The task :: In the entries below, repeat only the lines between those holding "bất động sản Thái Hòa - TNR Stars Thái Hòa" and "Oceanview Lake View Bedroom", inclusive. Leave pictures out.

Data records ::
++++++++++

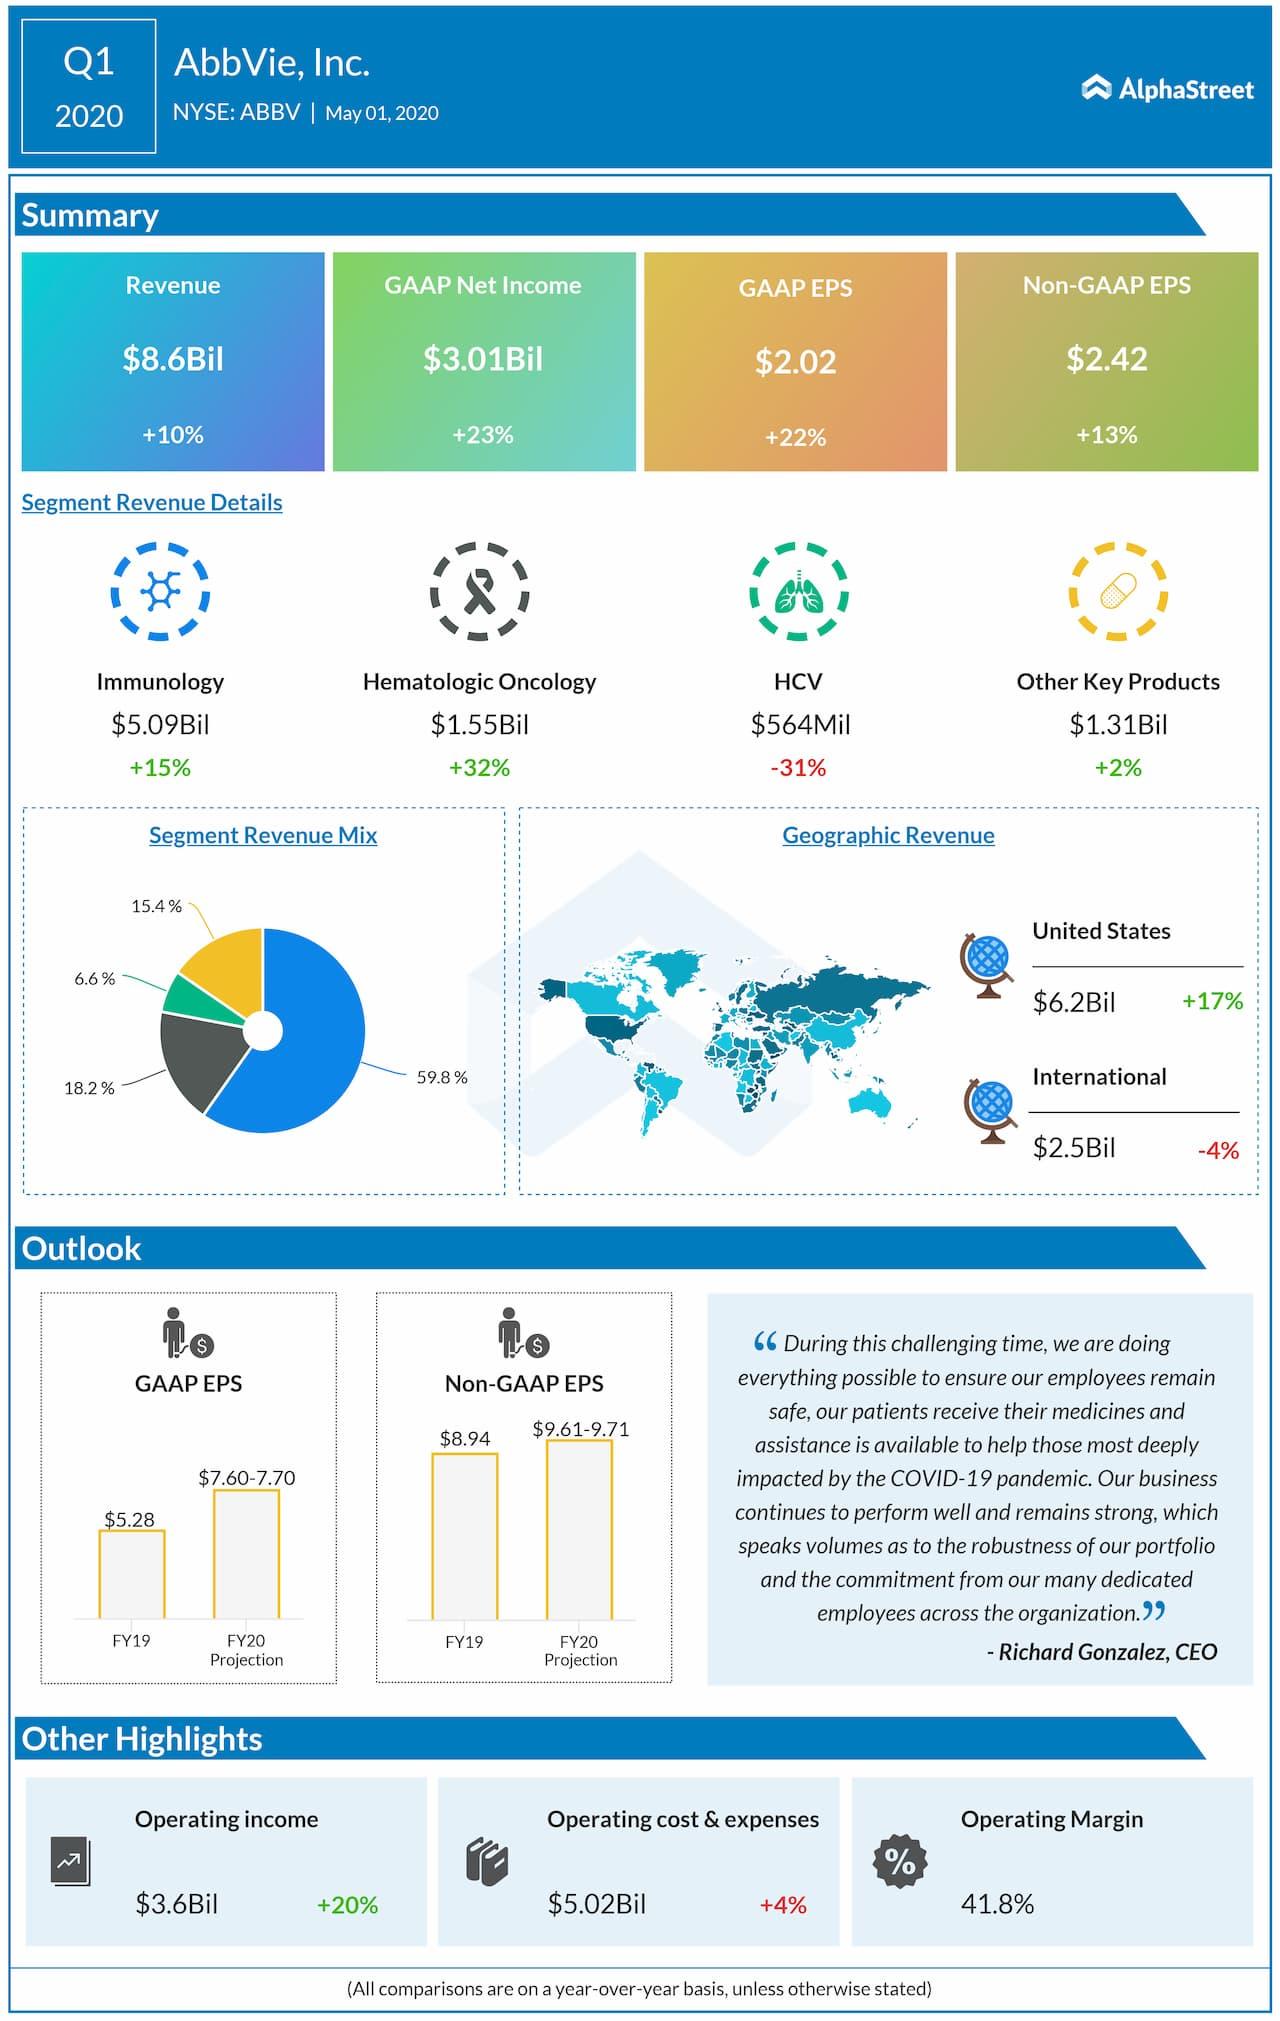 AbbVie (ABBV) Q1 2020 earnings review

++++++++++

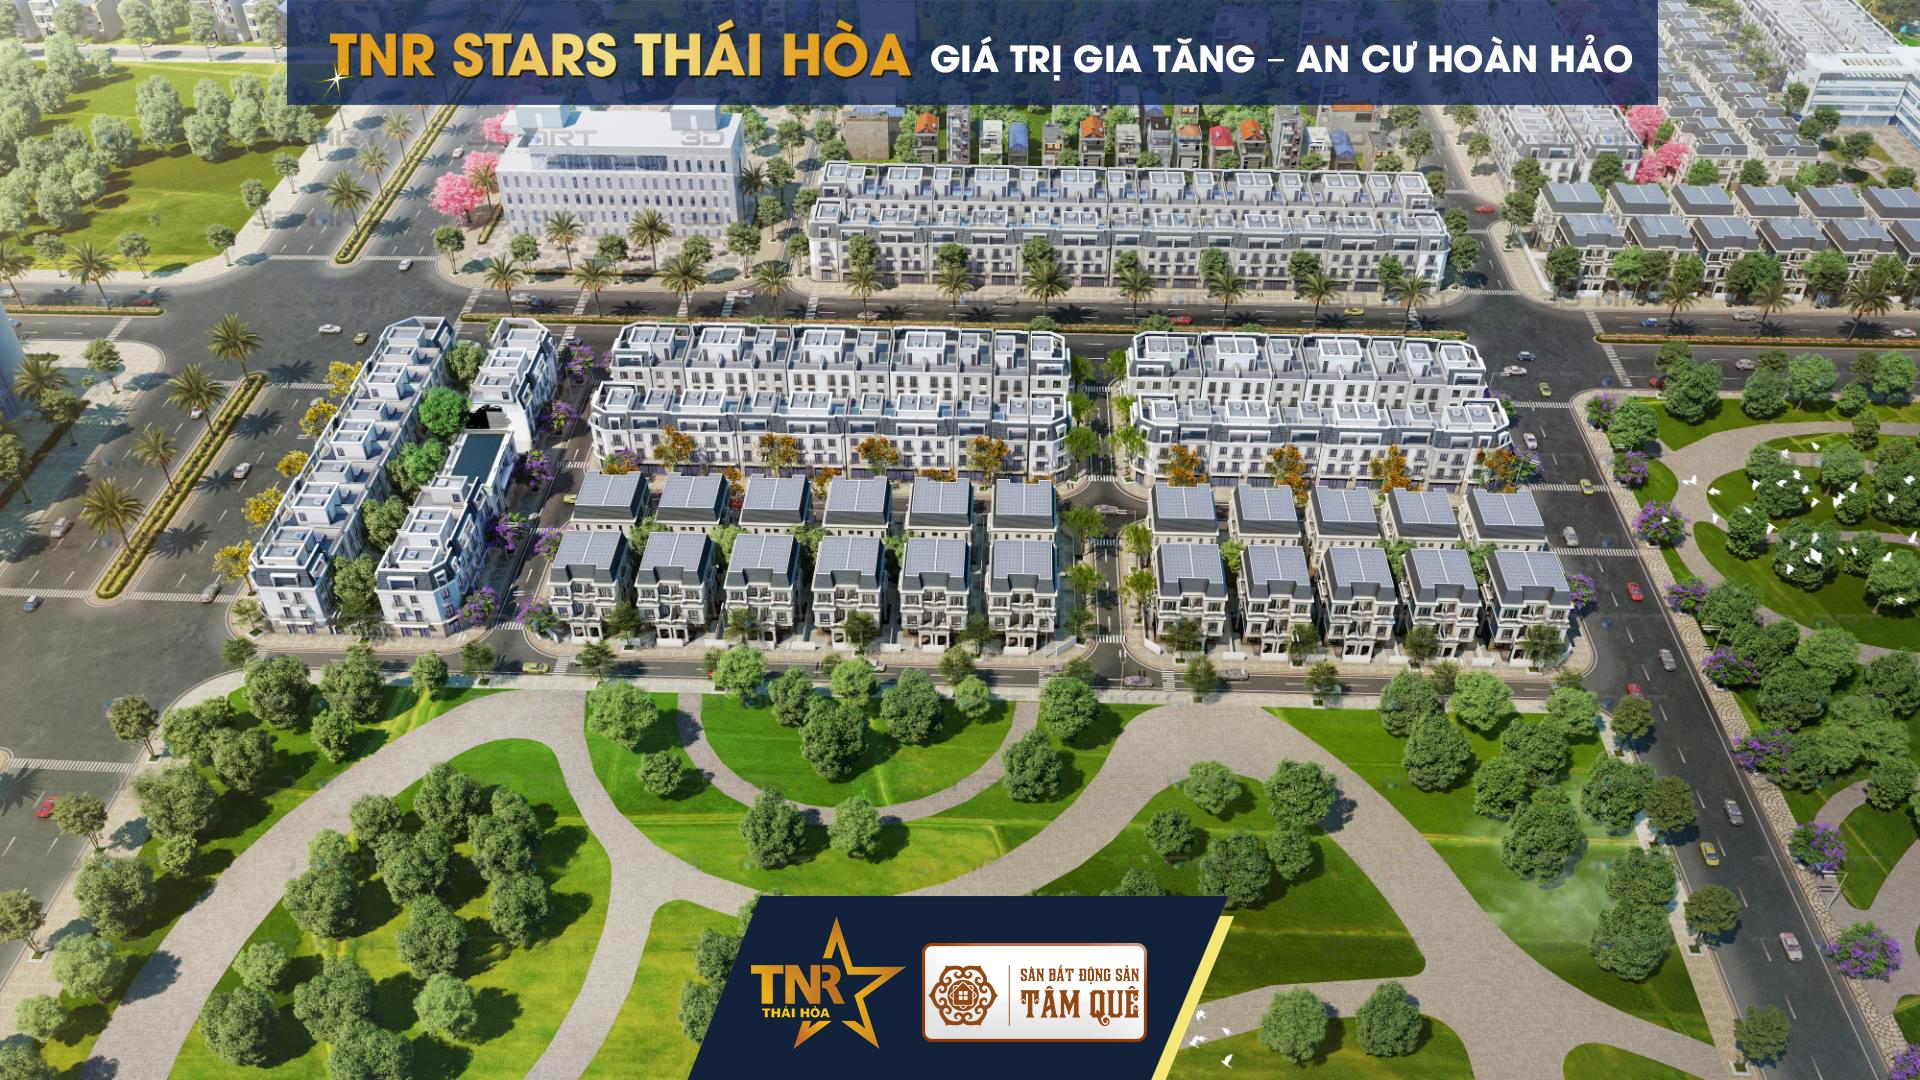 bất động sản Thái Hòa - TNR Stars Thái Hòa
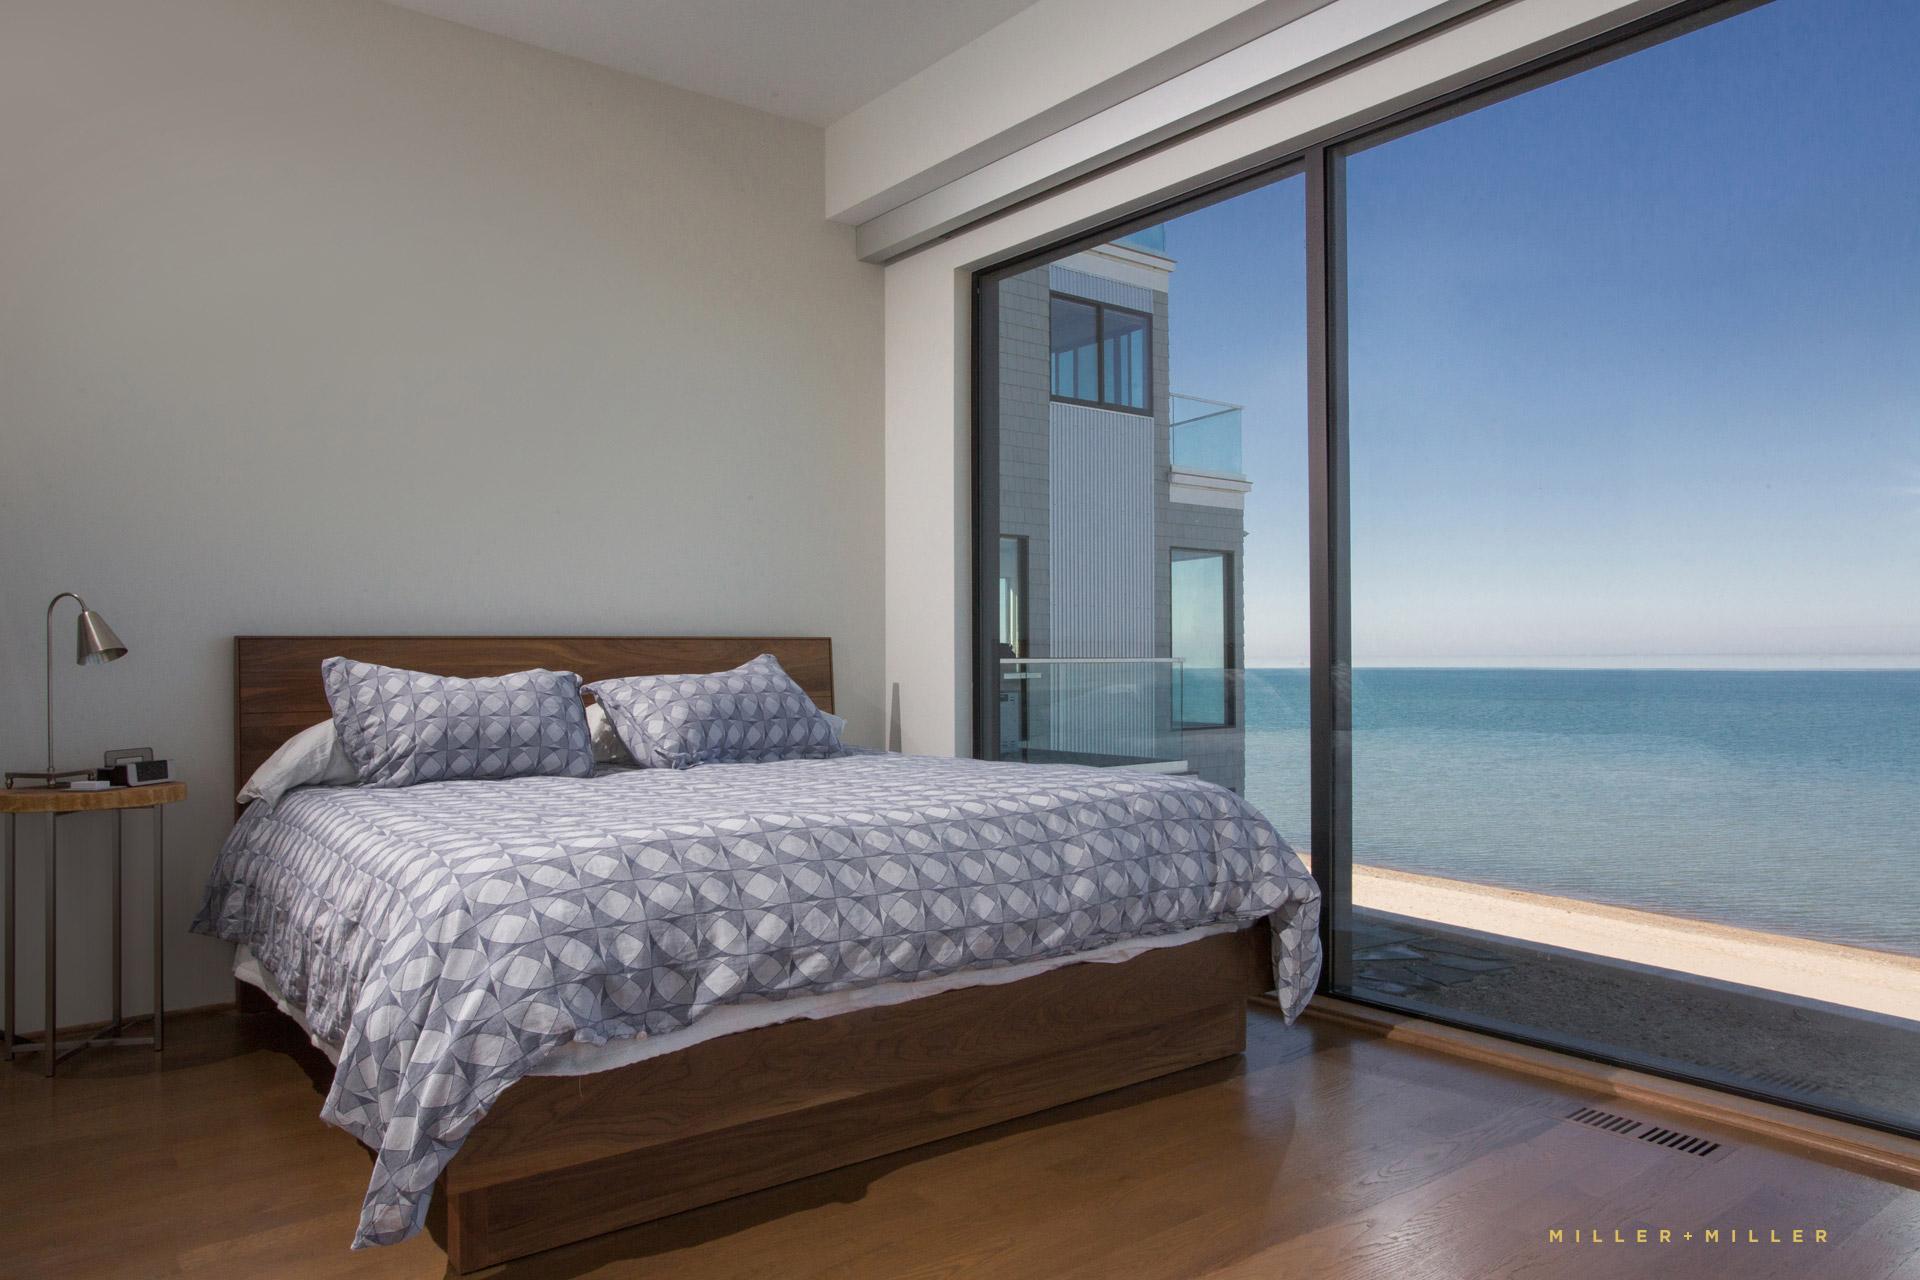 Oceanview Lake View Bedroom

++++++++++

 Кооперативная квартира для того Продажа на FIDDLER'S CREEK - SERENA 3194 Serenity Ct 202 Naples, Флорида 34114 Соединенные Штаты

++++++++++

Solution ::
 bất động sản Thái Hòa - TNR Stars Thái Hòa
 Oceanview Lake View Bedroom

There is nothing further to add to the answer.